A Study of the Male Body

by Desmond Morris

Pub Date: Aug. 18th, 2009
ISBN: 978-0-312-38530-9
Publisher: Dunne/St. Martin's

“No life form has had greater impact upon this planet than the human male,” claims Morris in this follow-up to The Naked Woman (2005, etc.)

The author begins with a discussion of the primeval male, who honed his skills, took risks and indulged his curiosity, eventually evolving into a “startlingly efficient prey-killer.” In this manner, females, “too valuable reproductively to be risked in the chase,” became specialized as “cautious, caring, maternally efficient individuals.” The man-the-hunter image still persists today, writes Morris, in competitive sports and games, muscle-building and collecting hobbies, along with the sexual strategies that allow for pair-bonding but also for sowing one’s seeds when opportunity knocks.

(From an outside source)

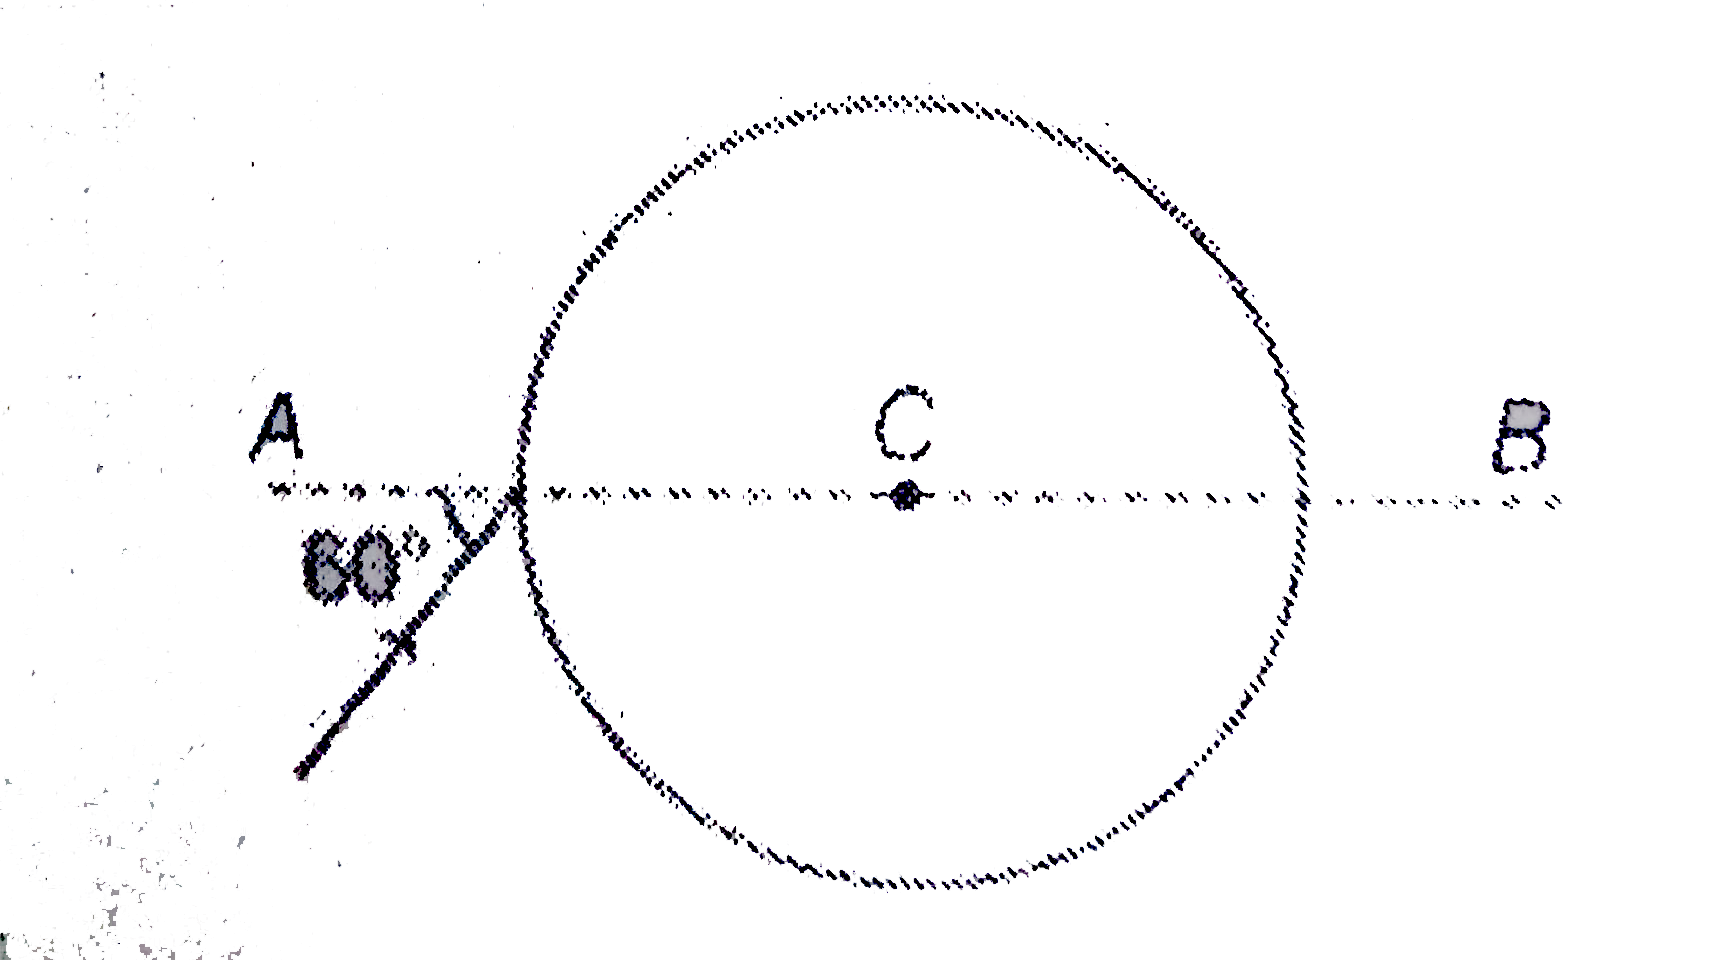 A ray of light falls on a transparent sphere with centre at C as shown in figure. The ray emerges from the sphere parallel to line AB. The refractive index of the sphere is

Following this chapter on evolutionary processes, the author devotes much of the rest of the text to the specifics of male body parts. Here Morris covers body language, clothing styles and adornments that males have adopted to endow body parts with symbolic meaning and significance, much of it gender-associated. Some of this is intriguing (the contradictions that allow both baldness and hairiness to be signs of virility), some is minutiae (the free-type ear lobe is twice as common as the attached type), much is folklore (a precious metal earring would distract the devil from entering the body through the ear) and some is simply Morris’s penchant for Guinness-type records (who has the longest nose, pigtail, etc.) There are neat nuggets like “playing a hunch”—which refers to “making a play at the gaming tables after touching [a] hunchback [person]”—but there is also insufficient information. Weighing the pros and cons of male circumcision, for example, Morris makes no mention that the procedure can lower the odds of contracting HIV. Finally, the author advances the bizarre theory that homosexuality is the result of boys never outgrowing the middle childhood years when girls are shunned.

Proceed with caution—enjoy the folklore but beware the folly.